■ What the task requires:
Transcribe every line of the material below without change, apart from dropping the pictures.

■ Collected material:
---------------
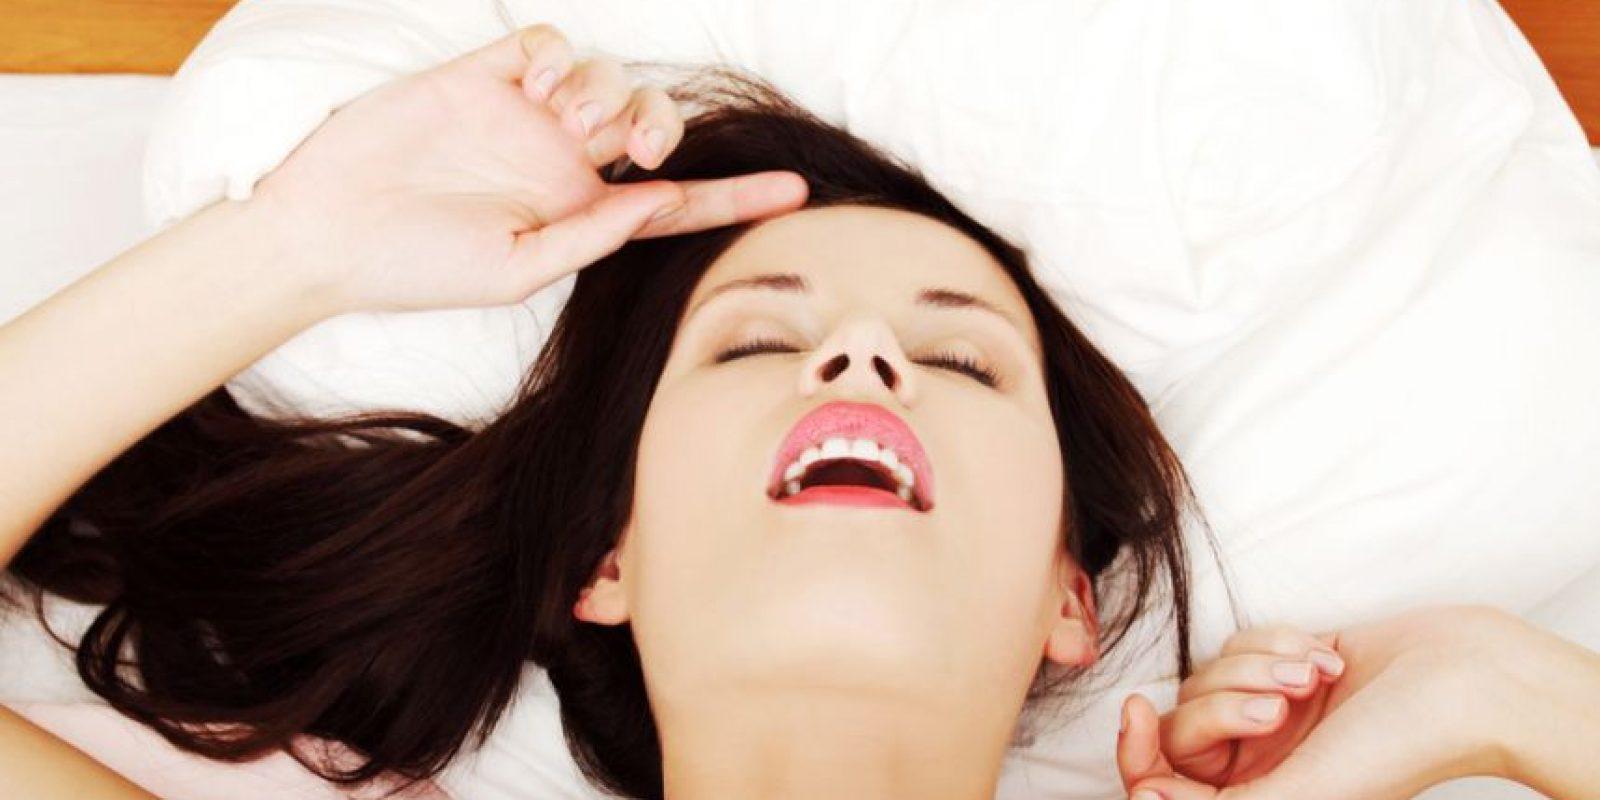 La relajación es vital para un mejor flujo sanguíneo
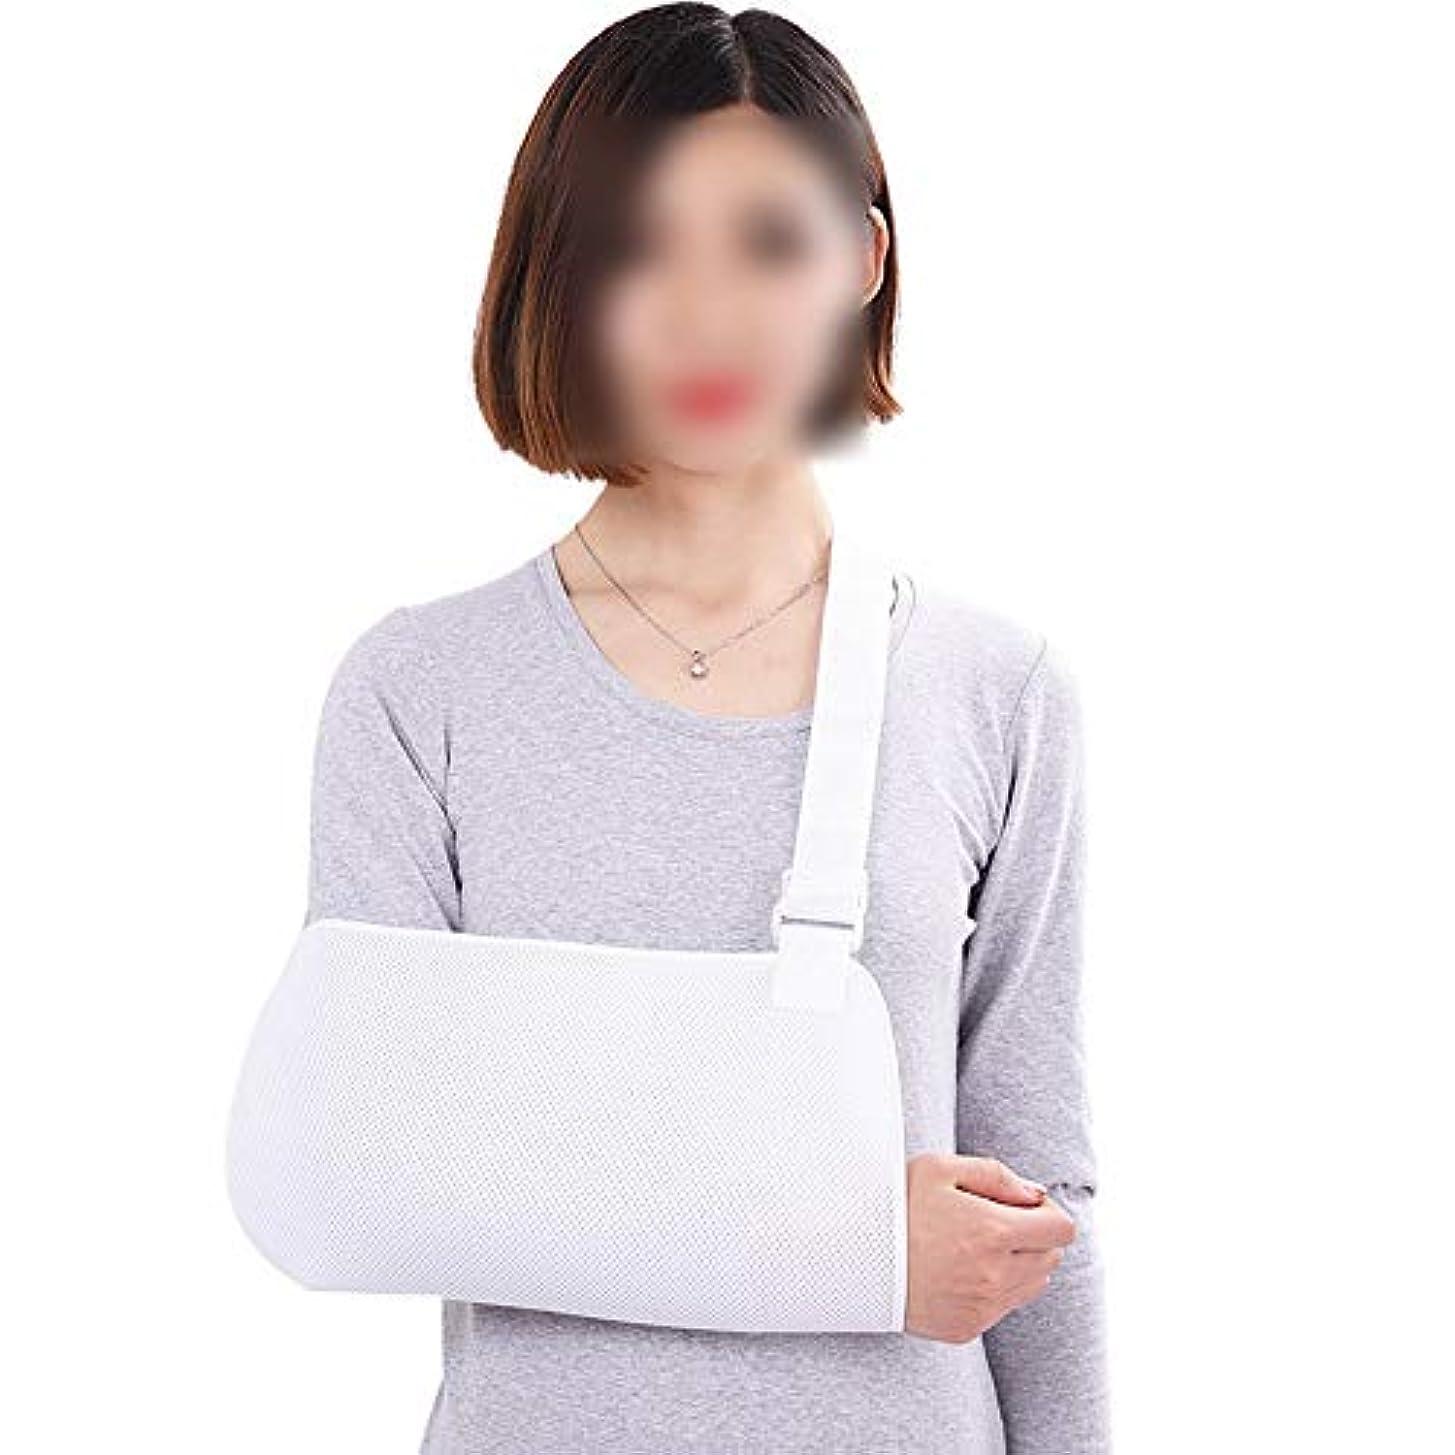 悲鳴未亡人未亡人ZYL-YL ハンギングネック包帯ホワイト前腕ストラップ腕手首肘関節の肩関節骨折負傷ソリッド装具ツールアームスリング
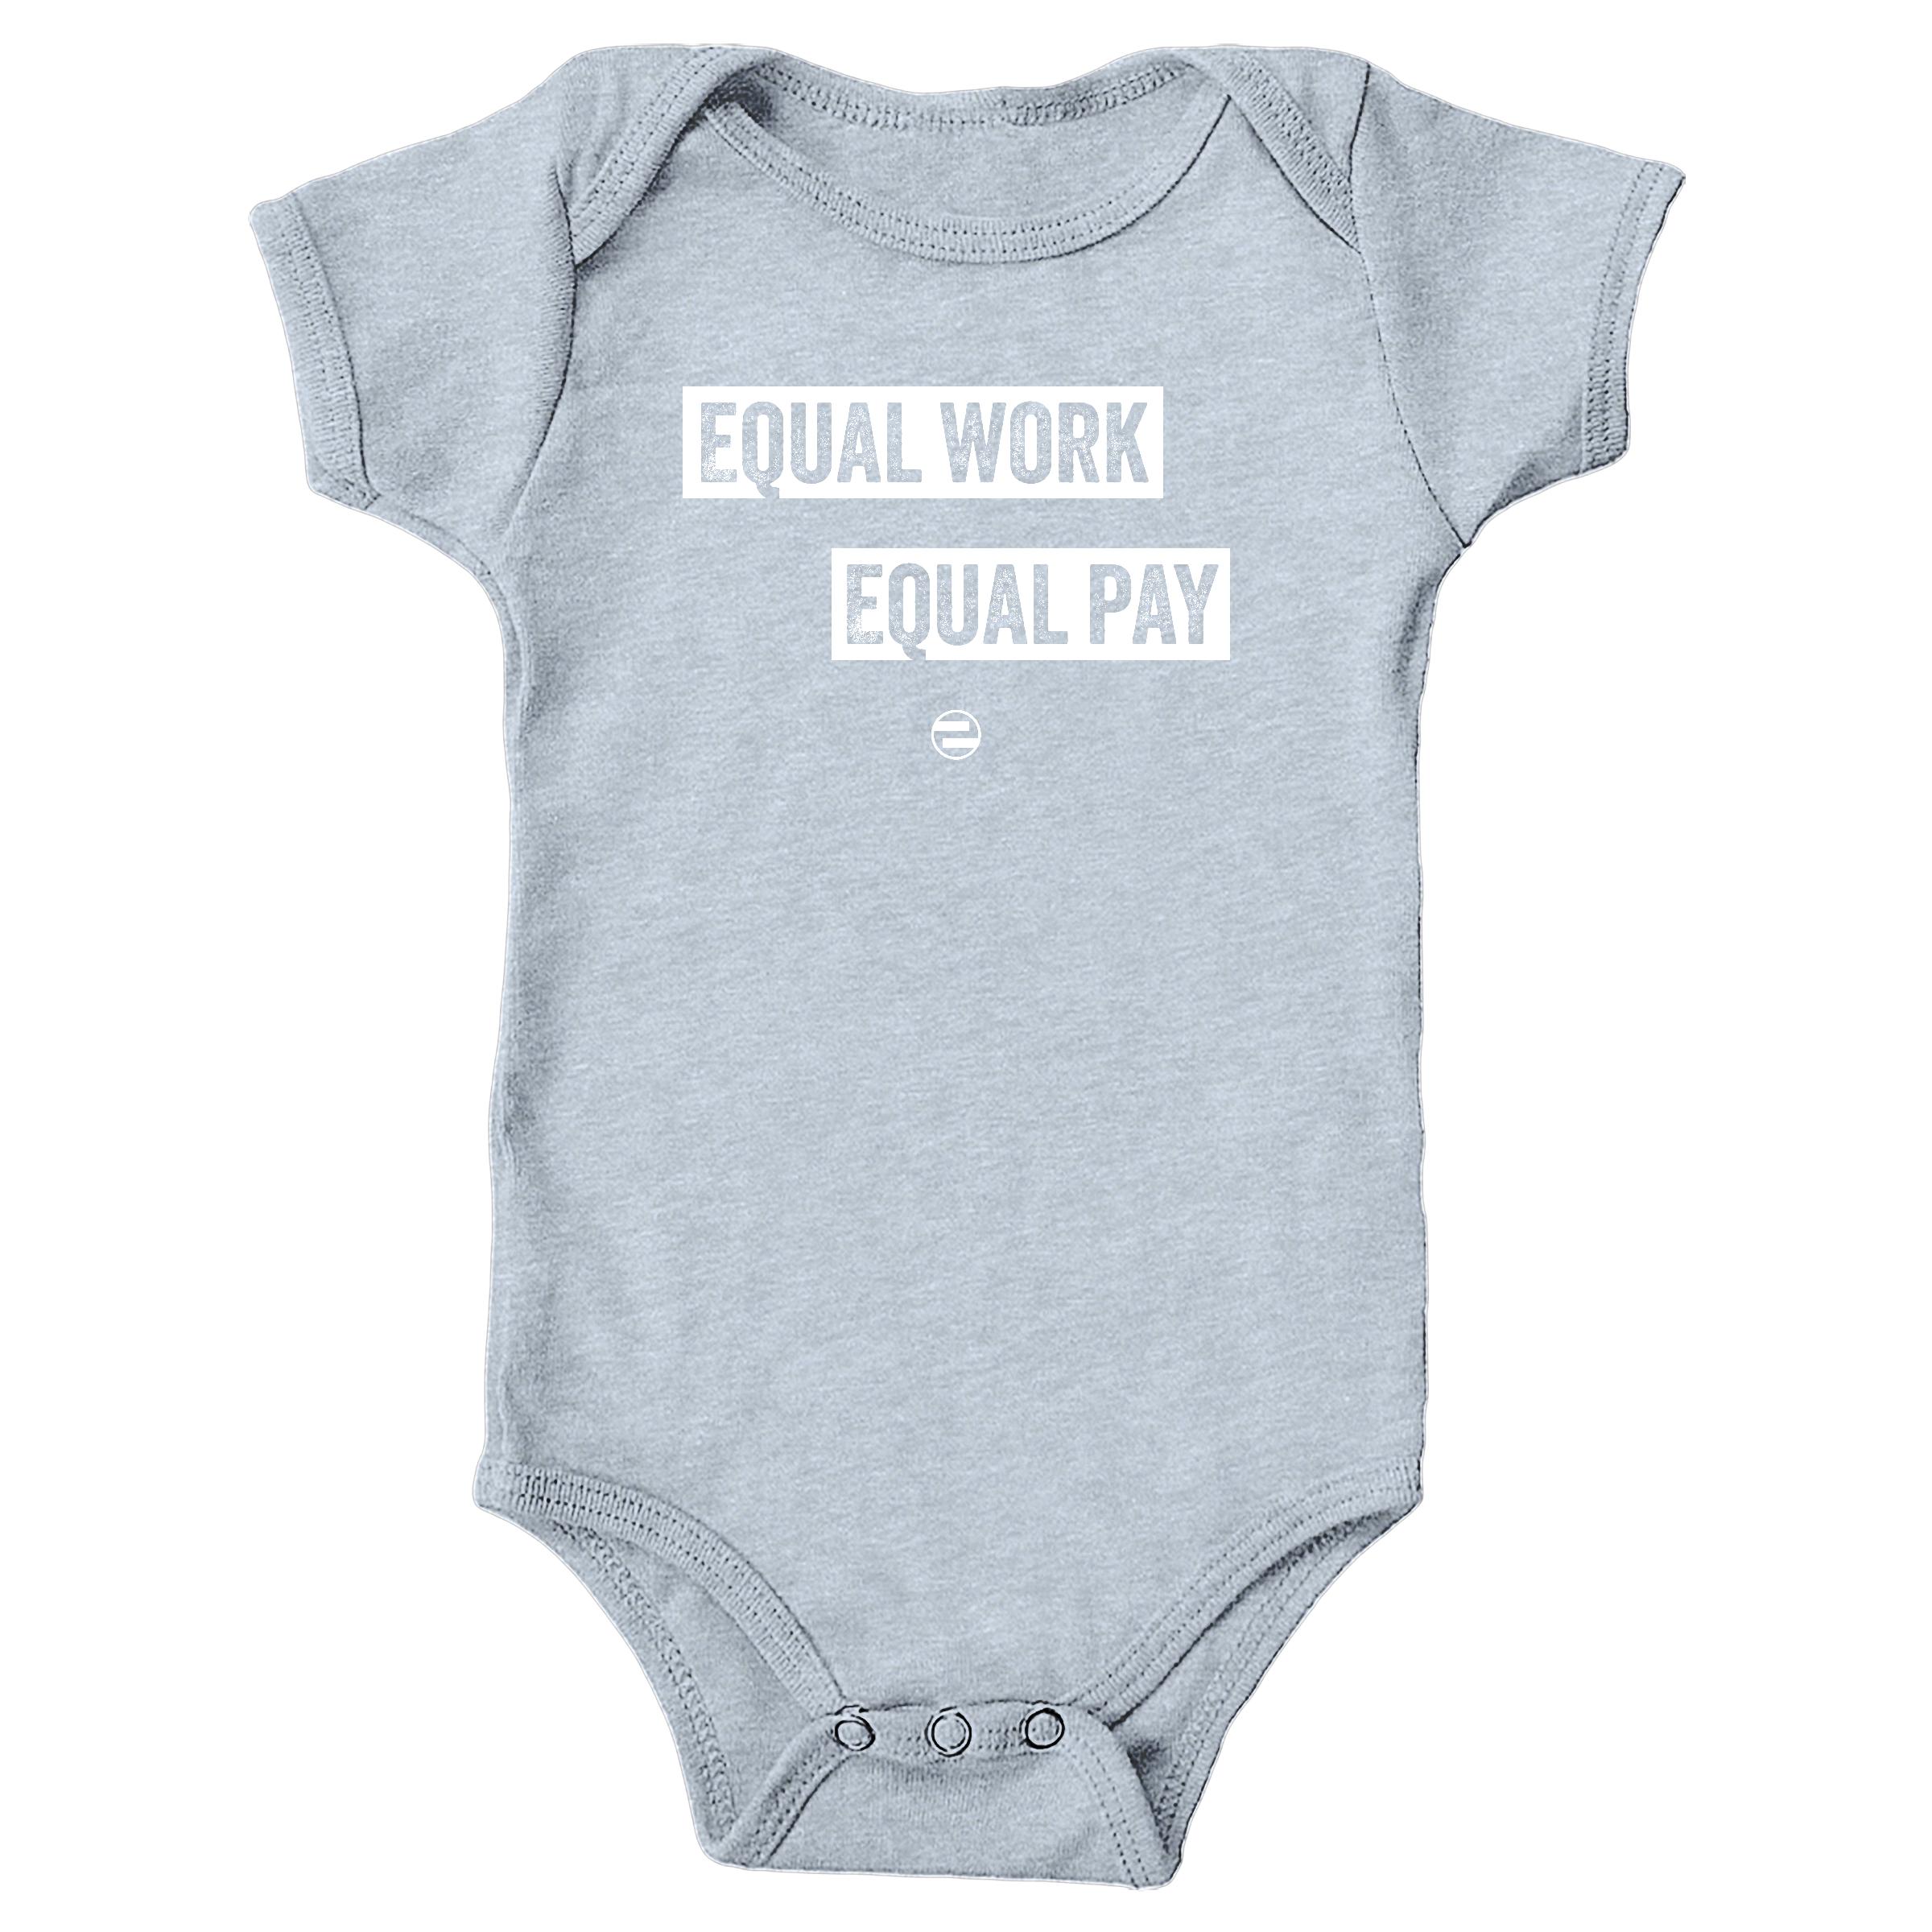 """GenEquality """"Equal Work Equal Pay"""" Kids Tee & Onesie Heather Grey (Onesie)"""
---------------
■ Exercise answer:
 La relajación es vital para un mejor flujo sanguíneo
 悲鳴未亡人未亡人ZYL-YL ハンギングネック包帯ホワイト前腕ストラップ腕手首肘関節の肩関節骨折負傷ソリッド装具ツールアームスリング
 """GenEquality """"Equal Work Equal Pay"""" Kids Tee & Onesie Heather Grey (Onesie)"""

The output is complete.